A clinical implication of this study is that, regardless of whether BT will increase or reduce the FP recall rate in breast cancer screening (depending on baseline recall rates), there will most likely be a shift in the type of FP cases that the radiologist needs to assess. Some of these cases – only visible on BT – will also be difficult to assess without access to BT-guided biopsies, magnetic resonance imaging or short-term follow-up. Before a large-scale implementation of BT in screening takes place, further analyses of the cost-benefit is needed. The cost of FP has been estimated to be almost one-third of the cost of a DM screening programme [39]. This warrants further studies of what type of examinations and investigations are needed to assess the FP cases generated with BT screening.

We have chosen to present the FP recall rate after arbitration, since it reflects the actual impact on clinical practice. However, the pre-arbitration FP recall rate could also add valuable information, since the arbitration meetings for the separate reading arms were not fully blinded, but this is beyond the scope for this study. A limitation of this study is the lack of prior BT examinations for comparison, as discussed above. Other limitations related to the design of the MBTST are discussed in detail elsewhere [8].

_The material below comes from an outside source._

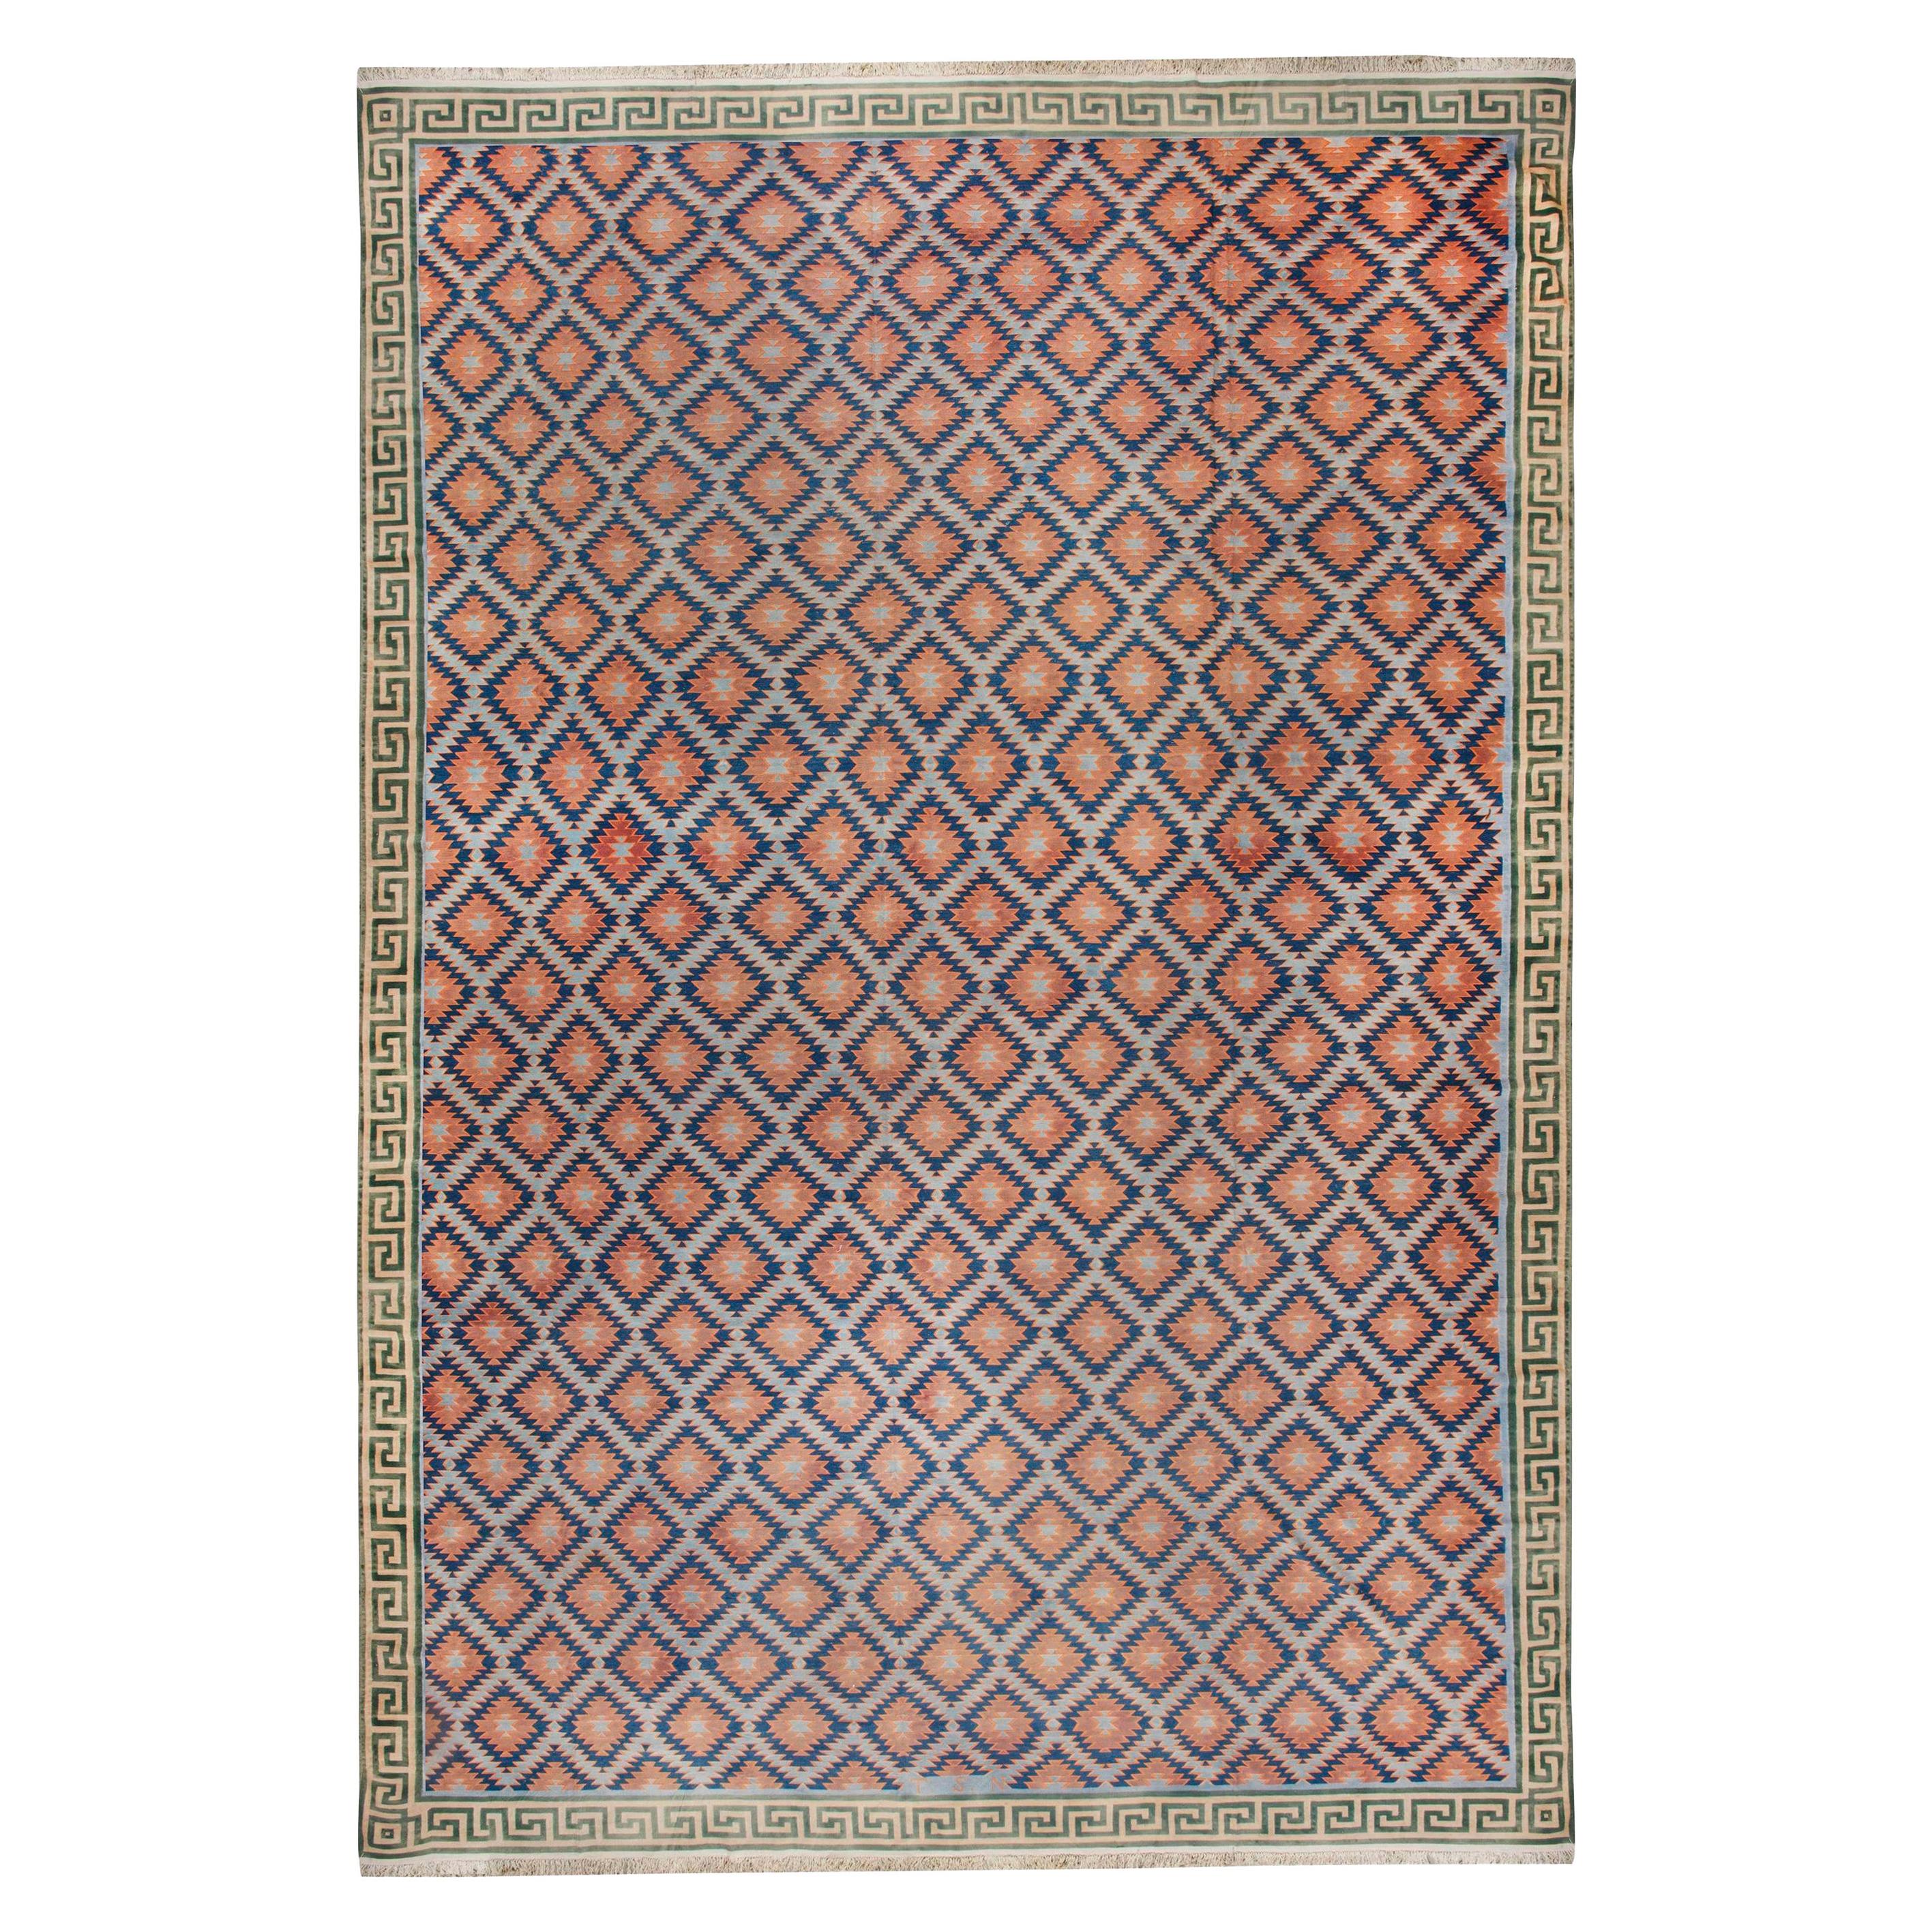 Oversized Midcentury Indian Dhurrie Cotton Rug

In conclusion, in the first half of this population-based screening trial with one-view BT the number of FPs increased mainly due to the recall of stellate distortions simulating malignancy. On the other hand, the characterisation of rounded lesions was improved with BT compared to DM, reducing the need to assess cysts and fibroadenomas. With increased experience the FP recall rate can be reduced.